EXERCISE AIM: Without any pictures, print exactly the lines that run from the start of the data through the line containing "Man with hat".

RECORDED DATA:

▶

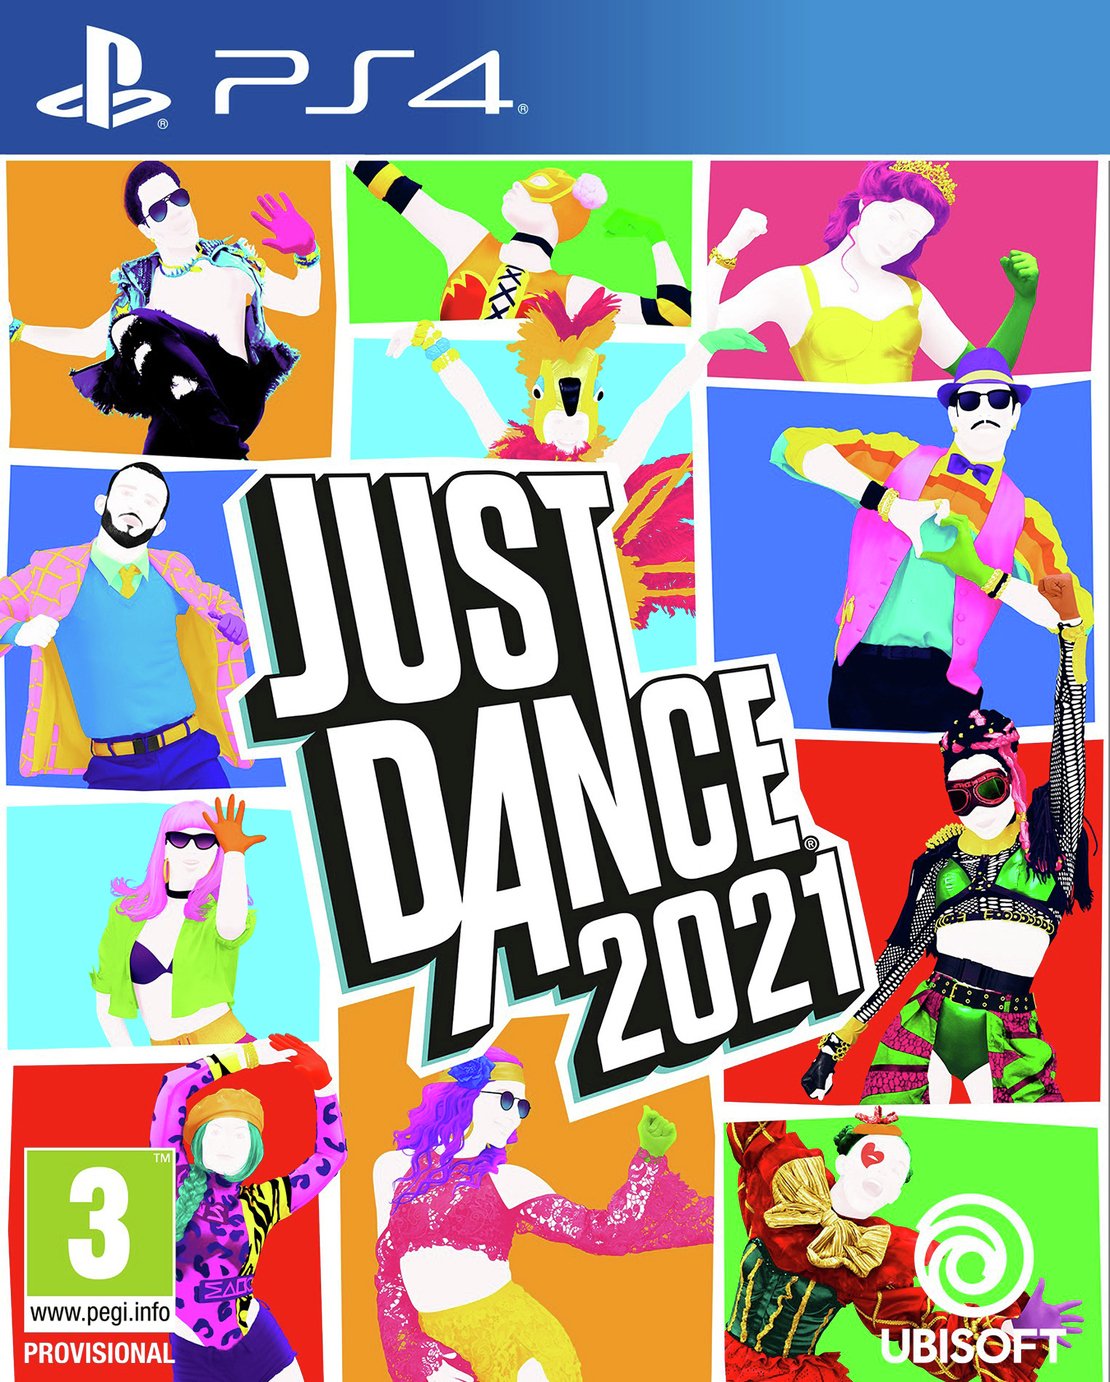 Just Dance 2021 PS4 Game Pre-Order Review
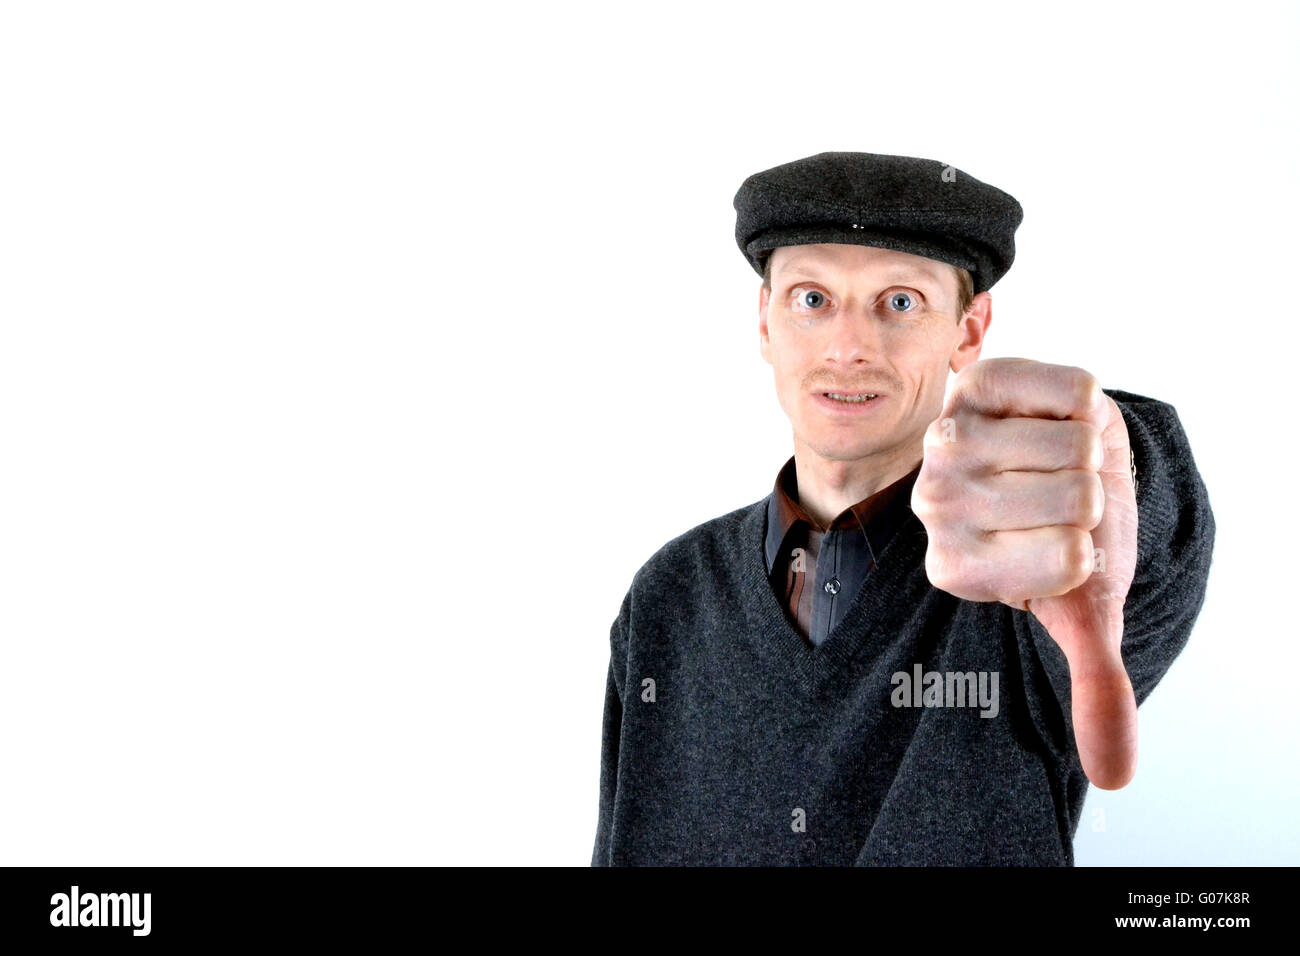 Man with hat of the thumb decreases Stock Photo
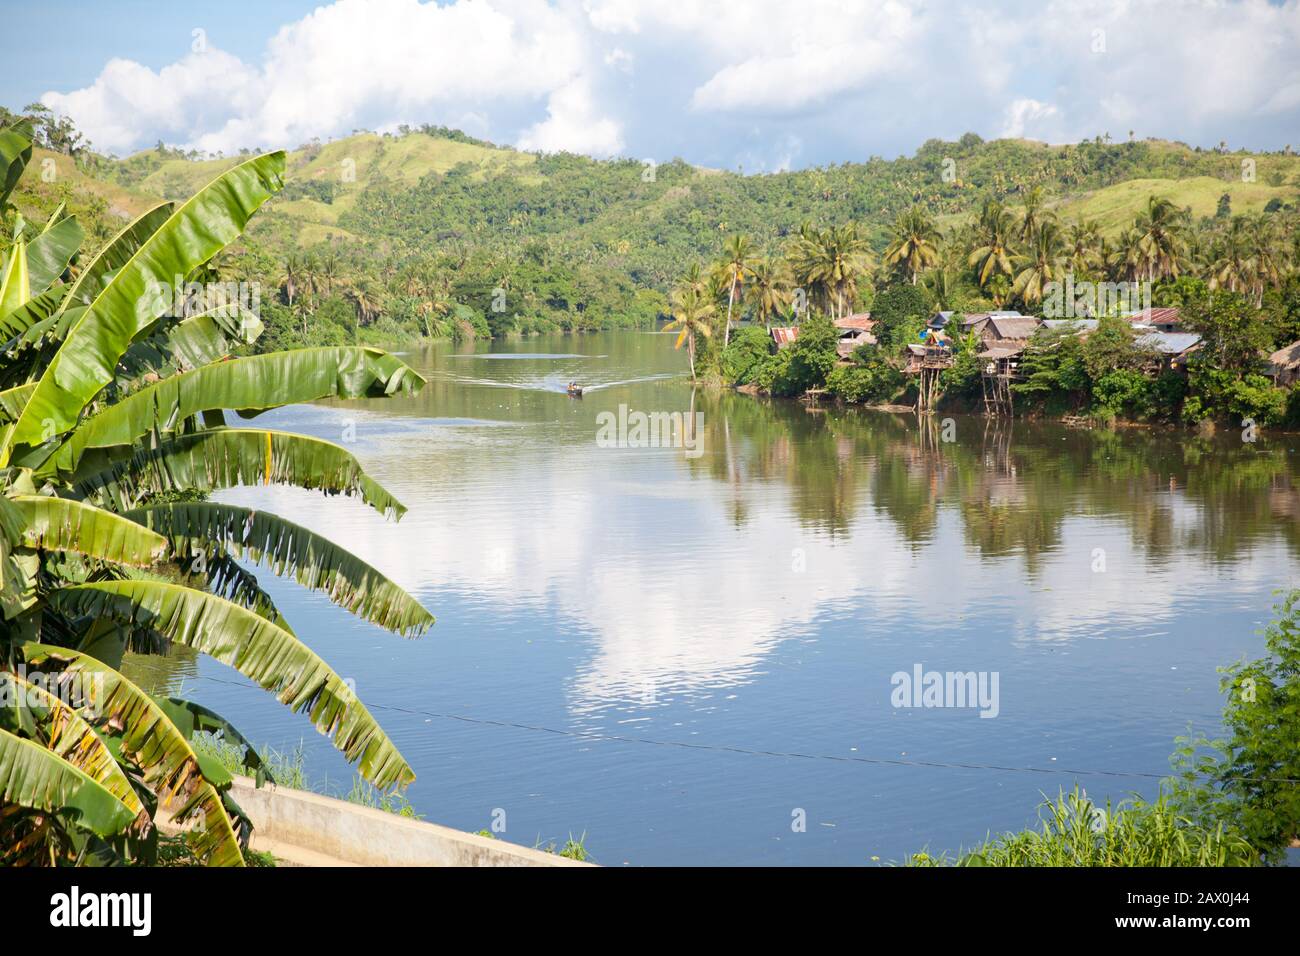 River and green hills. Beautiful natural scenery of river in southeast Asia. Countryside on a large tropical island. Small village on the green hills by the river. The nature of the Philippines. Stock Photo

◀

TASK SOLUTION:
 Just Dance 2021 PS4 Game Pre-Order Review
 Man with hat of the thumb decreases Stock Photo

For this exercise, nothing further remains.